Iterators are objects that implement the iter and next methods. If those methods are defined, we can use for loop or comprehensions.
class Squares:
def __init__(self, length):
self.length = length
self.i = 0
def __iter__(self):
print('calling __iter__') # this will be called first and only once
return self
def __next__(self):
print('calling __next__') # this will be called for each iteration
if self.i >= self.length:
raise StopIteration
else:
result = self.i ** 2
self.i += 1
return result
Iterators get exhausted. It means after you iterate over items, you cannot reiterate, you have to create a new object. Let's say you have a class, which holds the cities properties and you want to iterate over.
class Cities:
def __init__(self):
self._cities = ['Brooklyn', 'Manhattan', 'Prag', 'Madrid', 'London']
self._index = 0
def __iter__(self):
return self
def __next__(self):
if self._index >= len(self._cities):
raise StopIteration
else:
item = self._cities[self._index]
self._index += 1
return item
Instance of class Cities is an iterator. However if you want to reiterate over cities, you have to create a new object which is an expensive operation. You can separate the class into 2 classes: one returns cities and second returns an iterator which gets the cities as init param.
class Cities:
def __init__(self):
self._cities = ['New York', 'Newark', 'Istanbul', 'London']
def __len__(self):
return len(self._cities)
class CityIterator:
def __init__(self, city_obj):
# cities is an instance of Cities
self._city_obj = city_obj
self._index = 0
def __iter__(self):
return self
def __next__(self):
if self._index >= len(self._city_obj):
raise StopIteration
else:
item = self._city_obj._cities[self._index]
self._index += 1
return item
Now if we need to create a new iterator, we do not have to create the data again, which is cities. We creates cities object and pass it to the iterator. But we are still doing extra work. We could implement this by creating only one class.

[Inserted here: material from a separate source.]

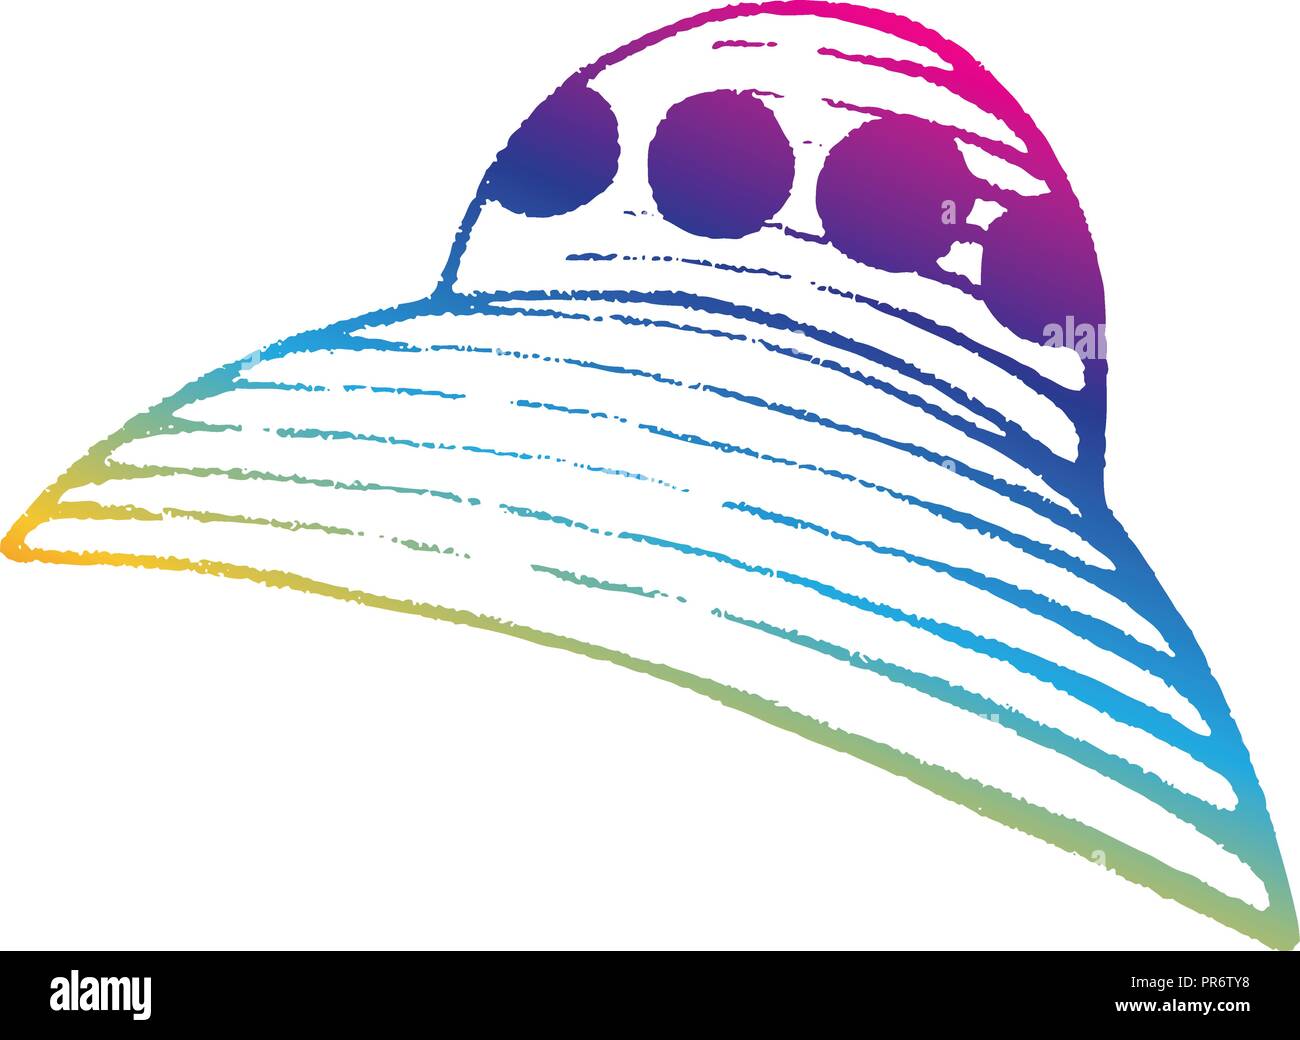 Illustrazione di color arcobaleno vettorializzare schizzo di inchiostro della nave aliena isolata su uno sfondo bianco Illustrazione Vettoriale

Iterable is a Python object that implements the iterable protocol. It requires only __iter__()
that returns a new instance of iterator object.
class Cities:
def __init__(self):
self._cities = ['New York', 'Newark', 'Istanbul', 'Paris']
def __len__(self):
return len(self._cities)
def __iter__(self):
return self.CityIterator(self)
class CityIterator:
def __init__(self, city_obj):
self._city_obj = city_obj
self._index = 0
def __iter__(self):
return self
def __next__(self):
if self._index >= len(self._city_obj):
raise StopIteration
else:
item = self._city_obj._cities[self._index]
self._index += 1
return item
Iterators has __iter__
and __next__
, iterables have __iter__
, so we can say Iterators are also iterables but they are iterables that get exhausted. Iterables on the other hand never become exhausted
because they always return a new iterator that is then used to iterate
You notice that the main part of the iterable code is in the iterator, and the iterable itself is nothing more than an extra layer that allows us to create and access the iterator.
Iterating over an iterable
Python has a built function iter() which calls the __iter__()
. When we iterate over an iterable, Python calls the iter() which returns an iterator, then it starts using __next__()
of iterator to iterate over the data.
NOte that in the above example, Cities creates an iterable but it is not a sequence type, it means we cannot get a city by an index. To fix this we should just add __get_item__
to the Cities class.
class Cities:
def __init__(self):
self._cities = ['New York', 'Newark', 'Budapest', 'Newcastle']
def __len__(self):
return len(self._cities)
def __getitem__(self, s): # now a sequence type
return self._cities[s]
def __iter__(self):
return self.CityIterator(self)
class CityIterator:
def __init__(self, city_obj):
self._city_obj = city_obj
self._index = 0
def __iter__(self):
return self
def __next__(self):
if self._index >= len(self._city_obj):
raise StopIteration
else:
item = self._city_obj._cities[self._index]
self._index += 1
return item